WIND: Wireless Networks of Devices

Variable Viewpoint Reality

9807-28

Progress Report: January 1, 2000 — June 30, 2000

Paul Viola and Eric Grimson

Project Overview

In the foreseeable future, sporting events will be recorded in super high fidelity from hundreds or even thousands of cameras. Currently the nature of television broadcasting demands that only a single viewpoint be shown, at any particular time. This viewpoint is necessarily a compromise and is typically designed to displease the fewest number of viewers.

In this project we are creating a new viewing paradigm that will take advantage of recent and emerging methods in computer vision, virtual reality and computer graphics technology, together with the computational capabilities likely to be available on next generation machines and networks. This new paradigm will allow each viewer the ability to view the field from any arbitrary viewpoint -- from the point of view of the ball headed toward the soccer goal; or from that of the goalie defending the goal; as the quarterback dropping back to pass; or as a hitter waiting for a pitch. In this way, the viewer can observe exactly those portions of the game which most interest him, and from the viewpoint that most interests him (e.g. some fans may want to have the best view of Michael Jordan as he sails toward the basket; others may want to see the world from his point of view).

Progress Through June 2000

We have made rapid progress on a number of problems related to the goals of the Variable Viewpoint Reality project:

We have developed a number of basic algorithms for 3D reconstruction. One approach is designed to work in real time on many cameras. Another is a bit slower, but is designed to yield higher quality results. A third attempts to find the arm, leg and body positions of a human being from one or multiple camera views. Each of these algorithms is being tested and improved continually.

We have designed and setup a multiple camera systems for acquiring data in real-time. This system was designed to be flexible and to work indoors. Right now we have 16 cameras working in synchrony. We would like to setup more.

We have acquired a great deal of multi-camera data. This is allowing us to test our algorithms and to develop new ideas.

In collaboration with students working on another project we have been observing outdoor activities. This system provides coarse tracking information of multiple people and cars. The system can also recognize simple activities.

We have demonstrated the system performing real-time 3D reconstruction using 16 cameras. This system combines many of the results mentioned above.

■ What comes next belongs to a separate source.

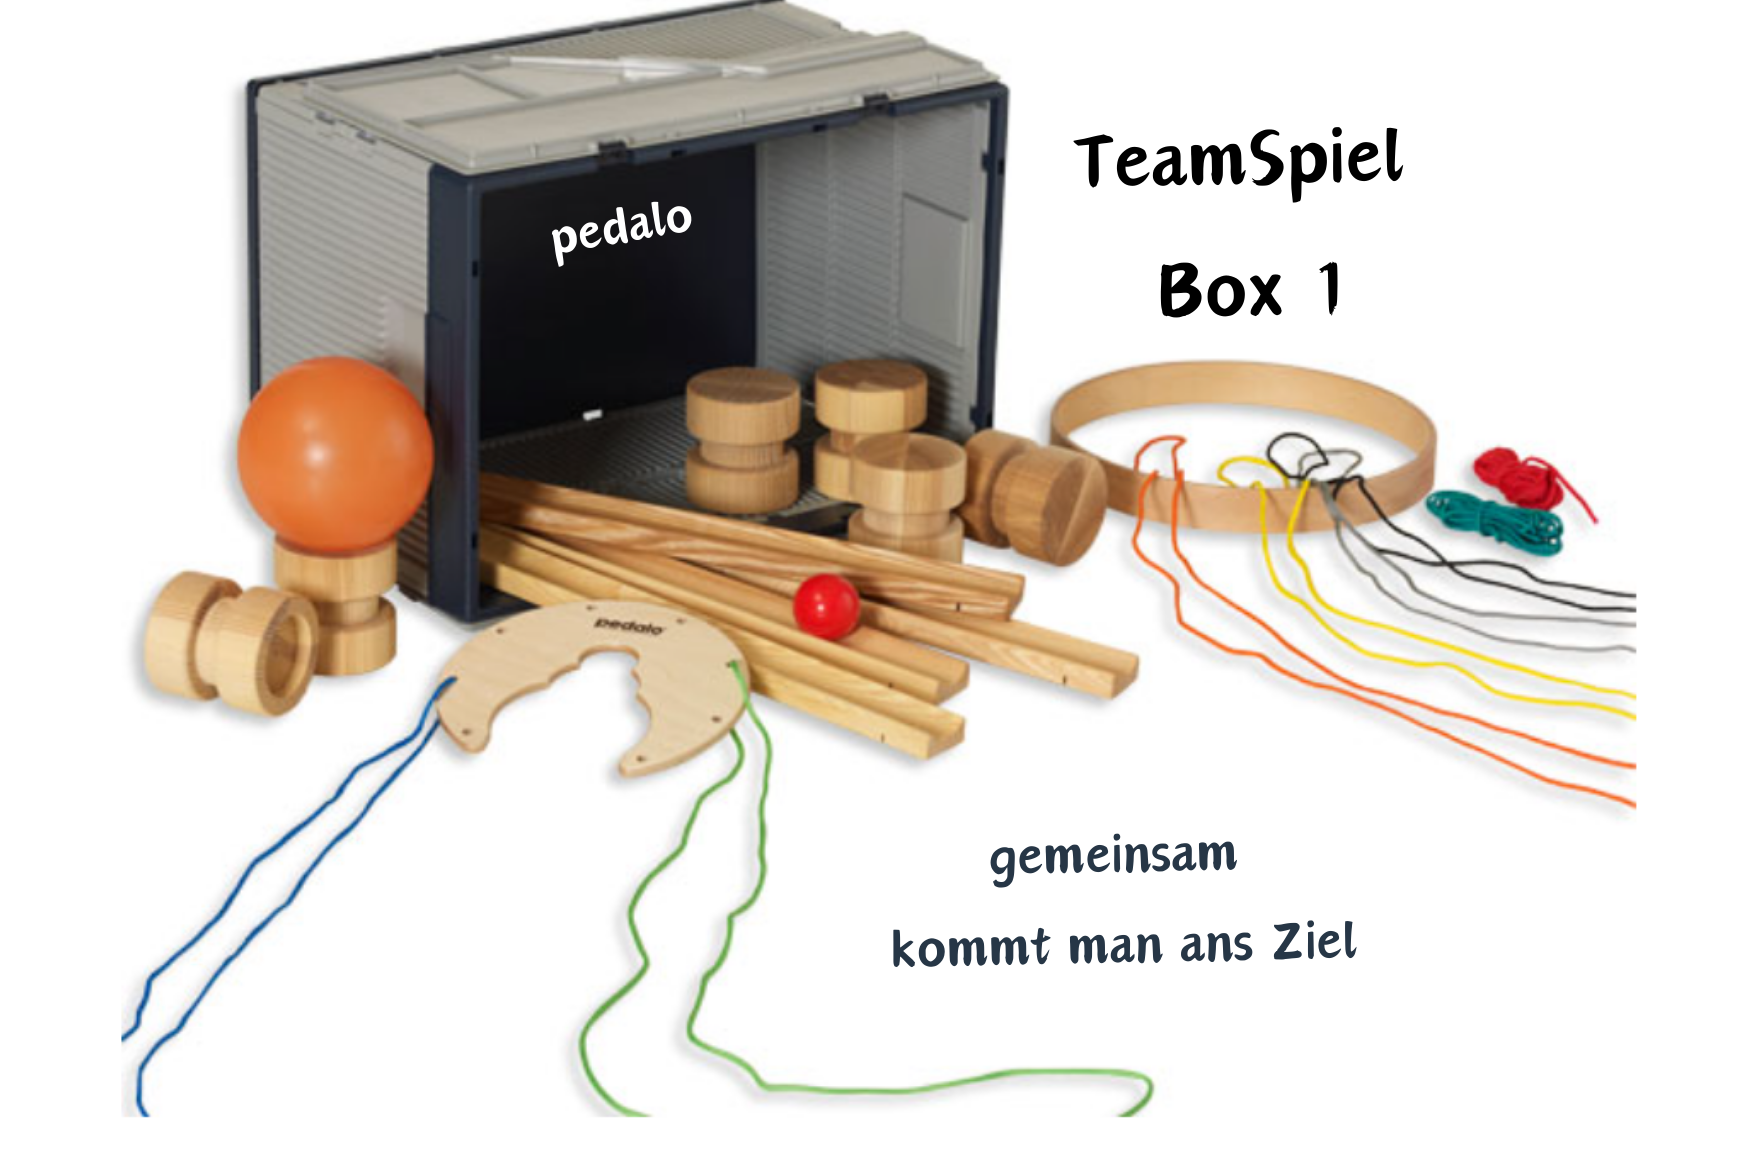 TeamSpiel Box 1

We have developed a new algorithm for the reconstruction of 3D shapes. This algorithm addresses one of the key problems we have encountered to date… noise in the camera observations. In previous reconstruction algorithm, each camera attempts to segment the object from the background. These segments are then intersected to form a 3D shape. In some cases noise in the cameras leads to incorrect segmentation. This in turn leads to poor reconstruction. Our new algorithm explicitly models this noise and introduces a prior over shapes. The result is the Bayes optimal reconstruction that is very insensitive to noise. These results are described in a paper at CVPR 2000 which is available from the MIT/NTT web page: http://www.ai.mit.edu/projects/ntt.

On the left is a typical input scenario. Notice that the imaging conditions are quite difficult, lighting is poorly controlled and the subject is wearing clothing that closely matches the background. On the right is an attempt to segment the subject from the background. These silhouettes are then intersected to in order to reconstruct the 3D shape. The quality of these silhouettes is poor but it is the best that can be done in real-time.

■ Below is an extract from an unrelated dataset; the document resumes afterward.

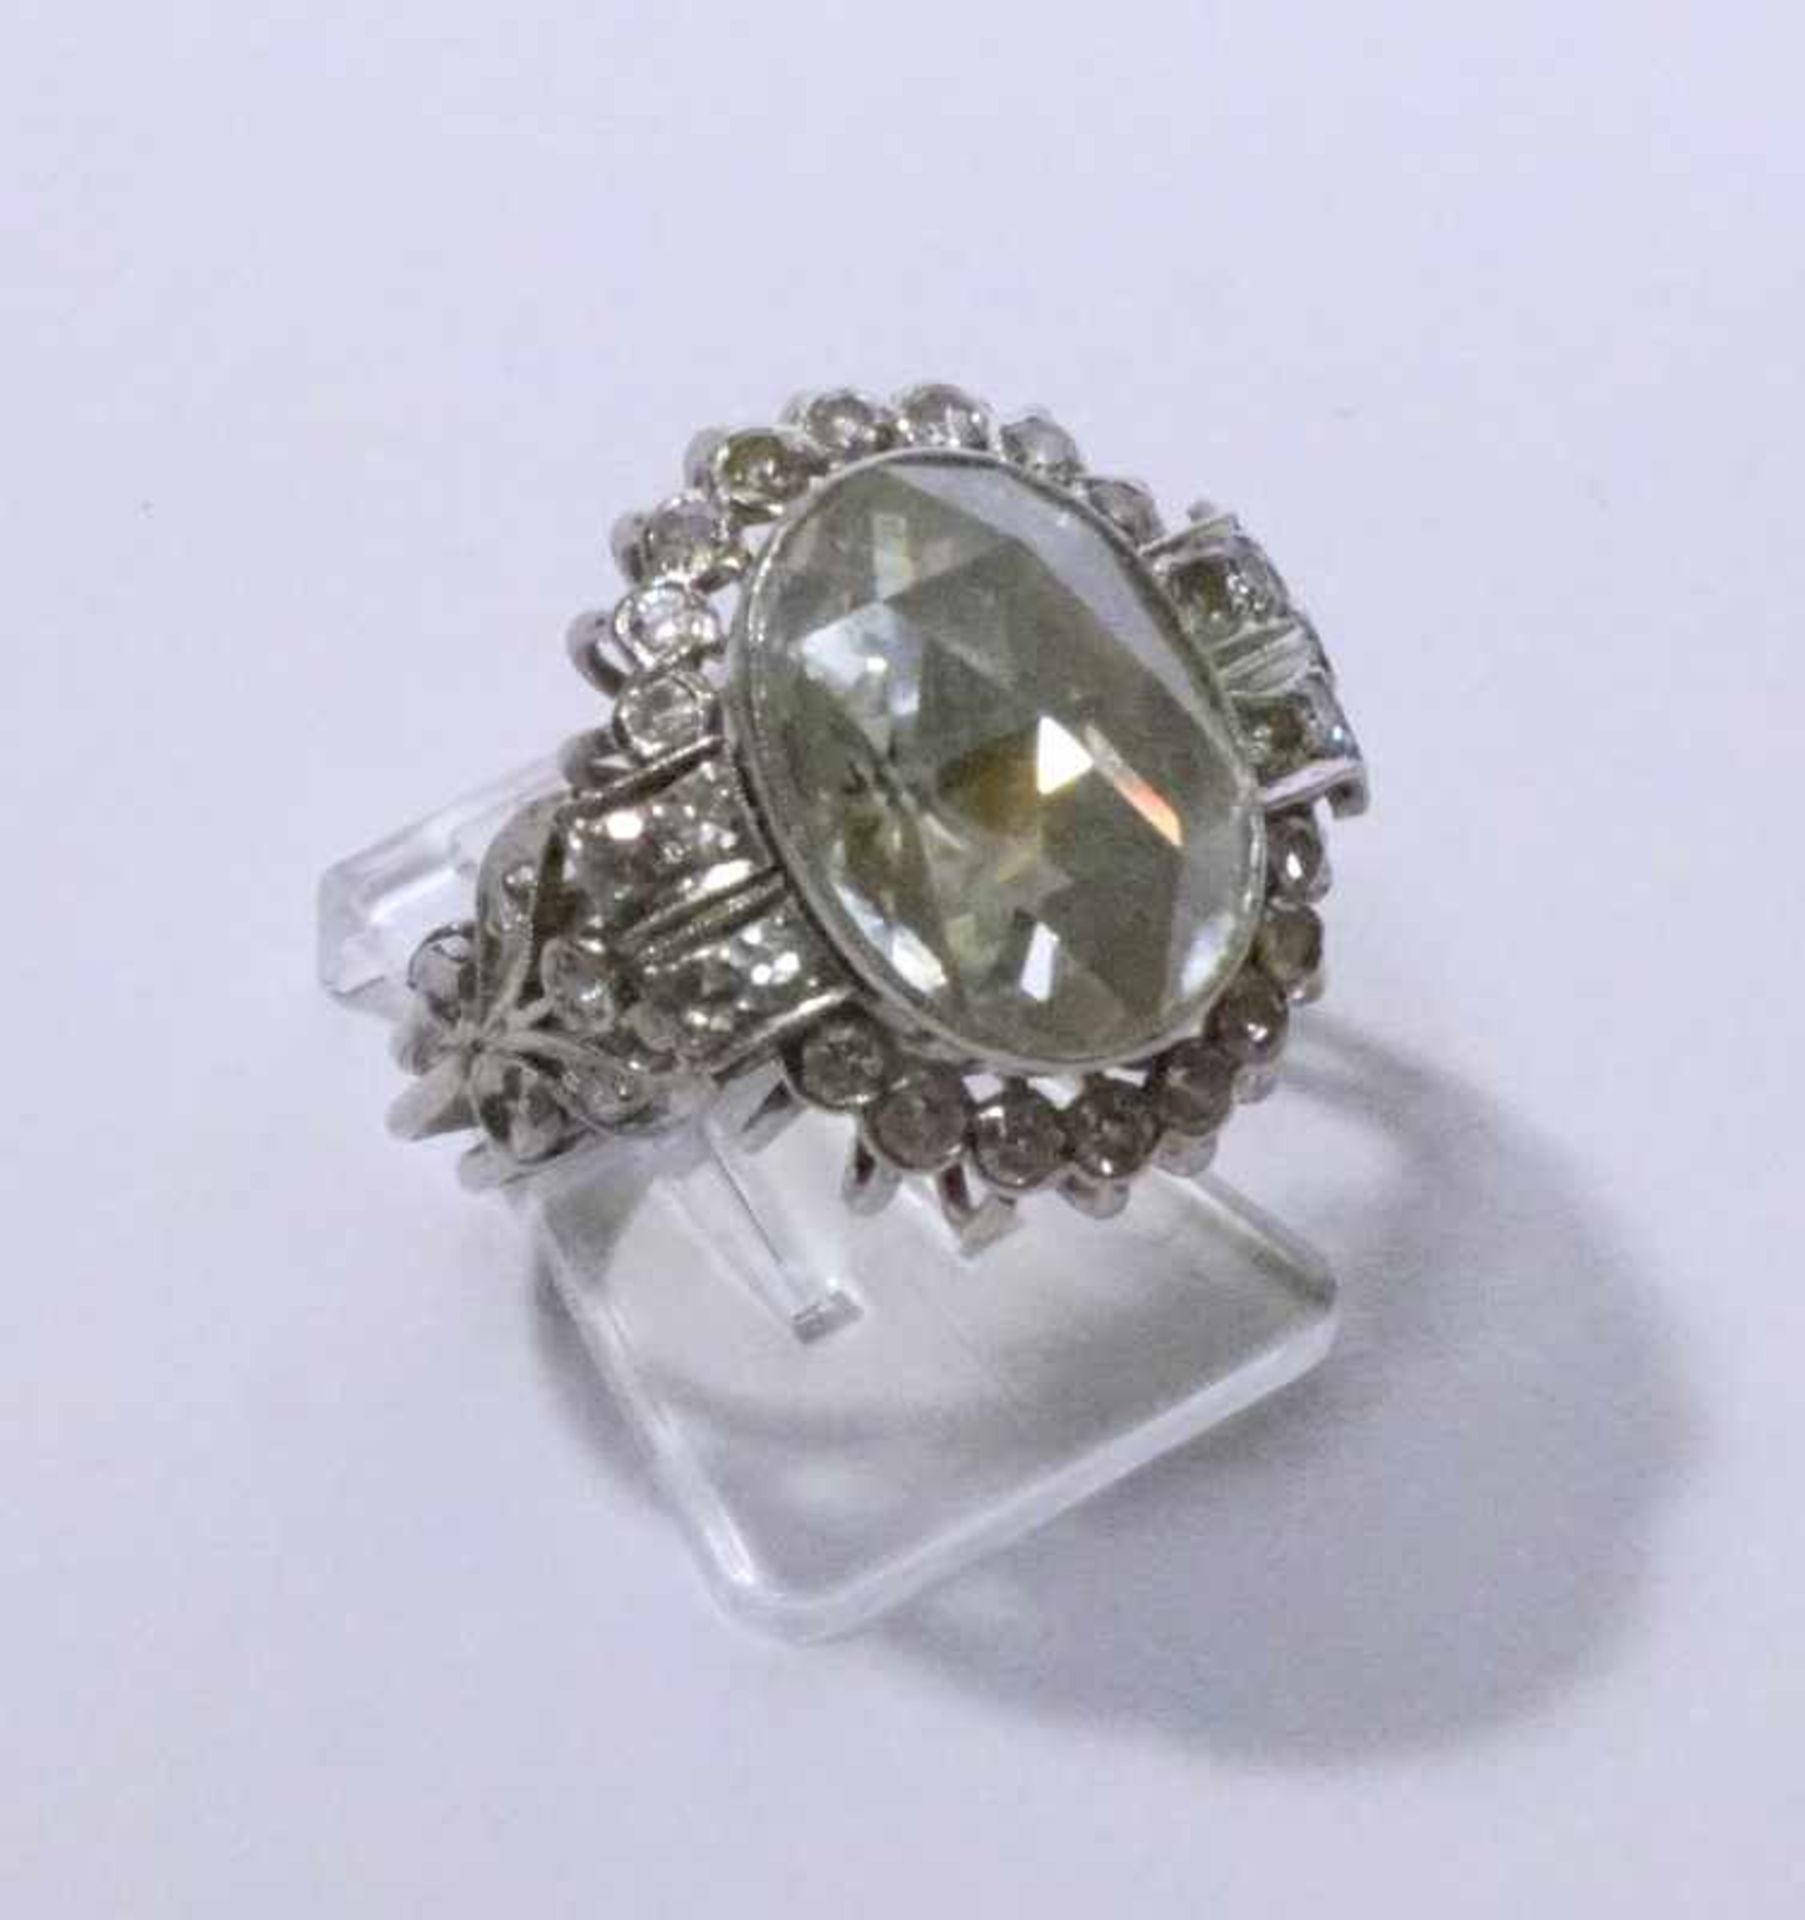 Jugendstil Ring mit zentraler grosser Diamantrose,aussergewöhnlicher Cocktailring mit zentraler

The 3D reconstruction on the left is the intersection of the silhouettes shown above. The holes or gaps result from the gaps in the segmentations. On the right is the output of our new algorithm. With little additional computation the results are significantly better.

We have developed new algorithms for the automatic calibration of the camera array. Typically, the calibration of 16 cameras is a very difficult and time consuming task. Our approach requires little human intervention and can be used to dynamically update the calibration over time. The algorithm proceeds by a random search over camera poses in an effort to maximize the reconstruction volume.

The significance of correct calibration is shown in this figure. On the left is an overheard view of a 3D object and a single camera. When the camera is correctly calibrated (shown in green) the cone intersects the volume, as is required for correct reconstruction. If the camera were rotated 17 degrees (shown in pink) the cone no longer intersects the volume, and reconstruction is impossible.

Research Plan for the Next Six Months

Integration of new reconstruction algorithms with real-time system.

Incorporate the calibration system and the reconstruction system.

Explore tracking of articulated human body models.

Incorporating more cameras with real-time system.

Improving spotting and tracking of people.